## Task description
Of the records that follow, copy only the lines from the line containing "Wonders Magic and" to the line containing "Nastya Solar のプロファイルバナー", both included, exactly as written.

BEGIN Data to use

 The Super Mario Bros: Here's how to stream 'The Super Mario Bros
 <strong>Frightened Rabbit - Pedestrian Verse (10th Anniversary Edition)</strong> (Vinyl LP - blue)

END Data to use
BEGIN Data to use

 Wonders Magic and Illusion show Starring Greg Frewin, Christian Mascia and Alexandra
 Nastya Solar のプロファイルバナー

END Data to use
BEGIN Data to use

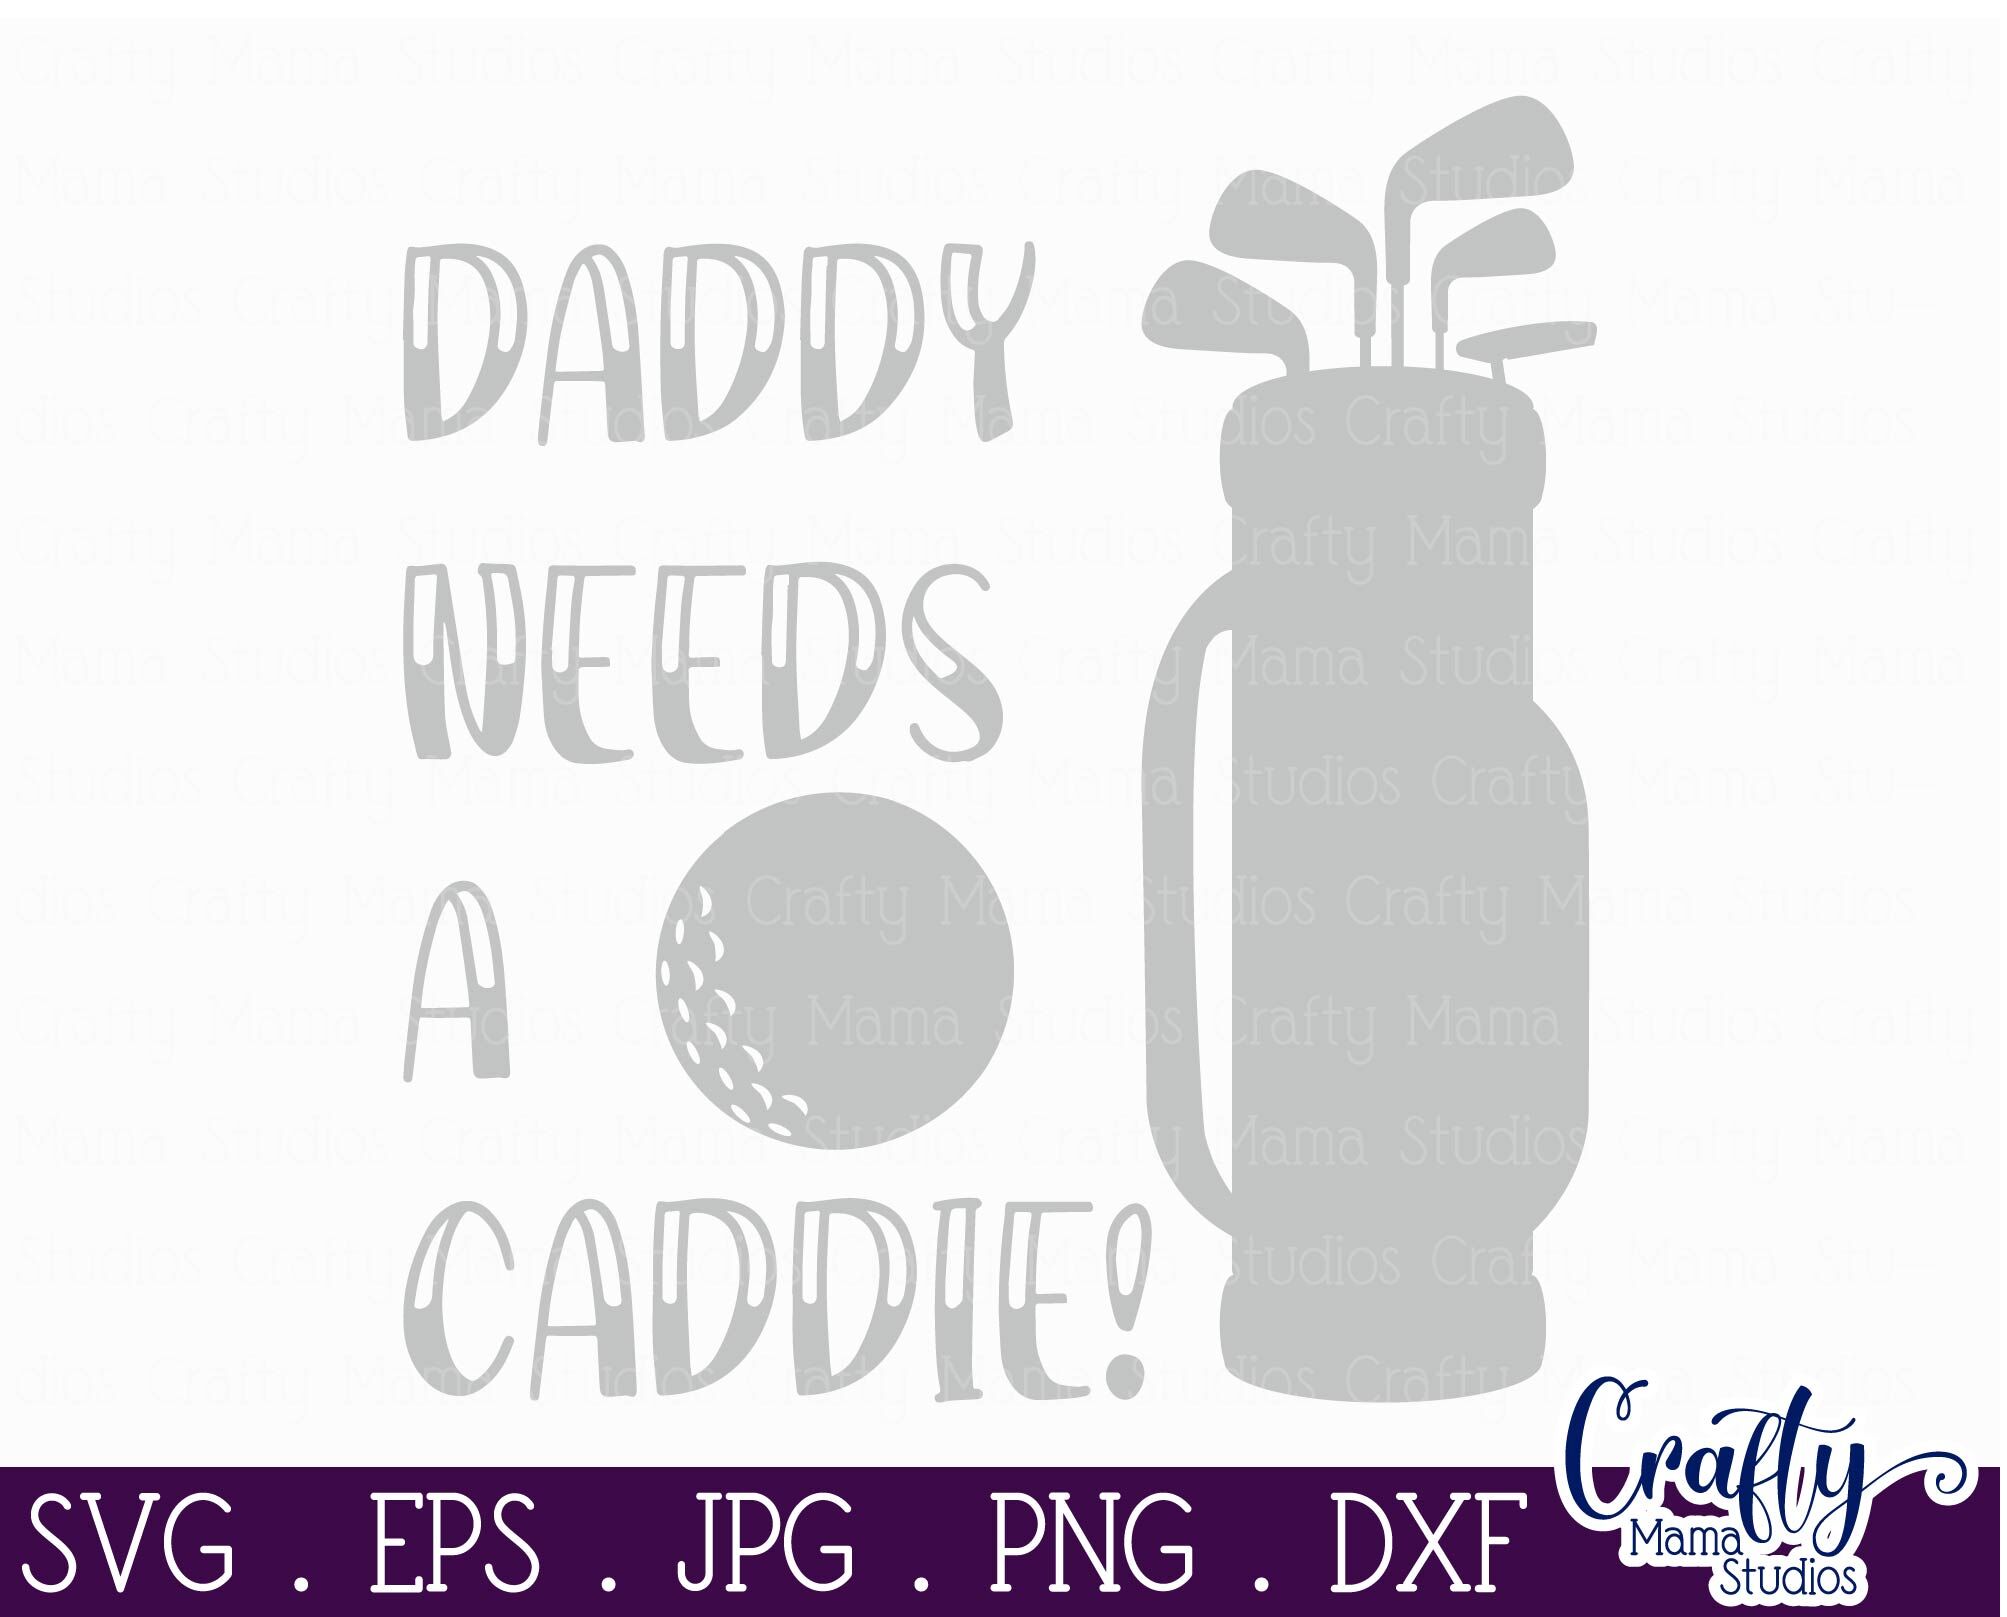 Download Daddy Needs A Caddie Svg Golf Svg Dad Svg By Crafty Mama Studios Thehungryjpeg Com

END Data to use

## Finished exercise
 Wonders Magic and Illusion show Starring Greg Frewin, Christian Mascia and Alexandra
 Nastya Solar のプロファイルバナー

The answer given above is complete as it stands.